Reorganization of 3D genome structure in the Drosophila melanogaster species group

Topologically associating domains, or TADs, are functional units that organize chromosomes into 3D structures of interacting chromatin. TADs play an important role in regulating gene expression by constraining enhancer-promoter contacts; there is evidence that deletion of TAD boundaries leads to aberrant expression of neighboring genes. While the mechanisms of TAD formation have been well-studied, current knowledge on the extent of TAD conservation across species is inconclusive. Due to the integral role TADs play in gene regulation, their structure and organization is expected to be conserved during evolution. However, more recent research suggests that TAD structures diverge relatively rapidly.

We use Hi-C chromosome conformation capture to measure evolutionary conservation of whole TADs and TAD boundary elements between D. melanogaster and D. triauraria, two early-branching species from the melanogaster species group which diverged ∼28 million years ago.

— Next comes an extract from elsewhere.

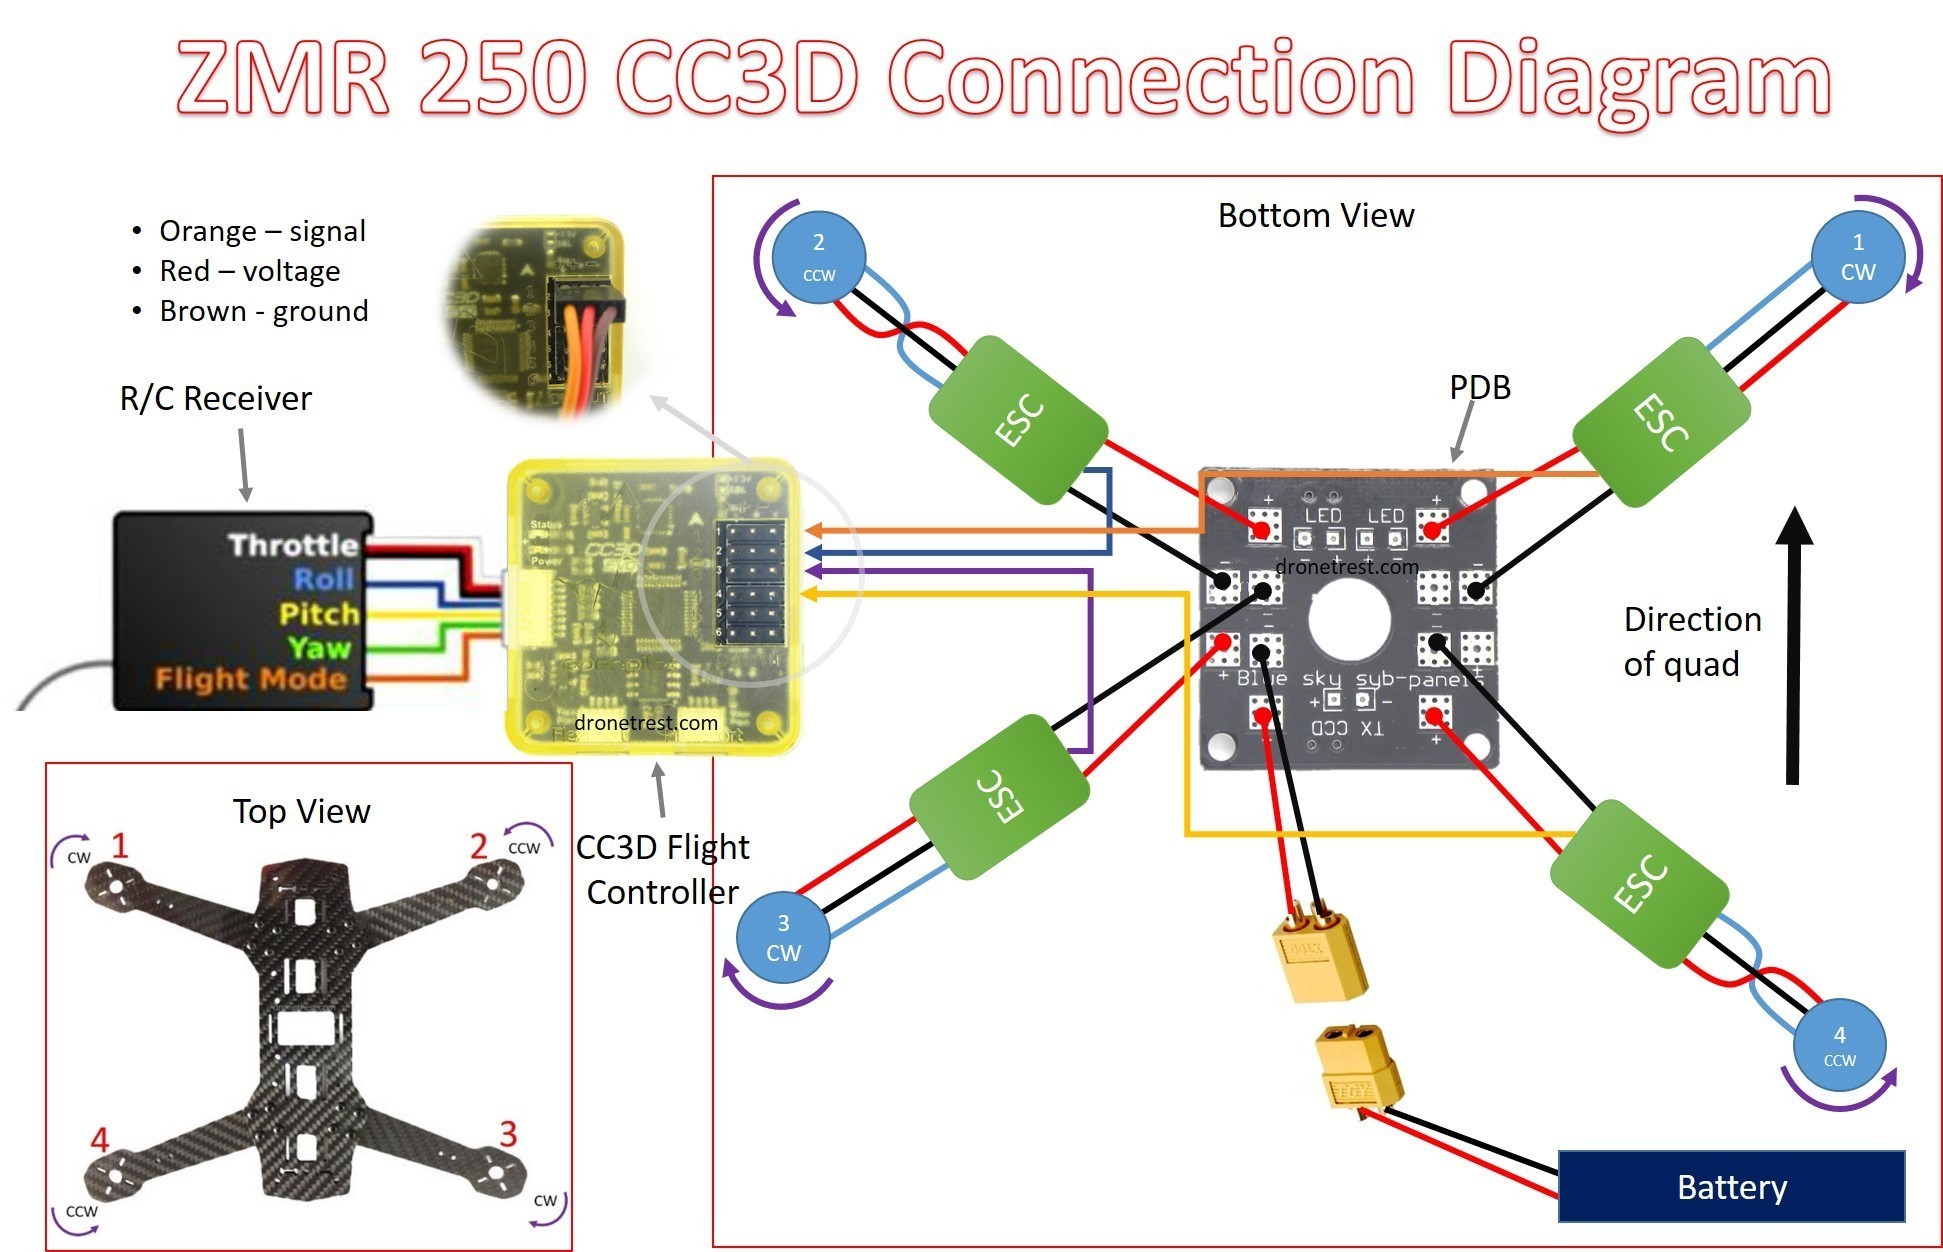 cc3d wiring diagrams schematics wiring diagrams u2022 rh seniorlivinguniversity co CC3D Flight Controller Manual Mini CC3D

We found that 75% of TAD boundaries are orthologous while only 25% of TAD domains are conserved and these are enriched for Polycomb-repressed chromatin. Our results show that TADs have been reorganized since the common ancestor of D. melanogaster and D. triauraria, yet the sequence elements that specify TAD boundaries remain highly conserved. We propose that evolutionary divergence in 3D genome organization results from shuffling of conserved boundary elements across chromosomes, breaking old TADs and creating new TAD architectures. This result supports the existence of distinct TAD subtypes: some may be evolutionarily flexible while others remain highly conserved due to their importance in restricting gene-regulatory element interactions.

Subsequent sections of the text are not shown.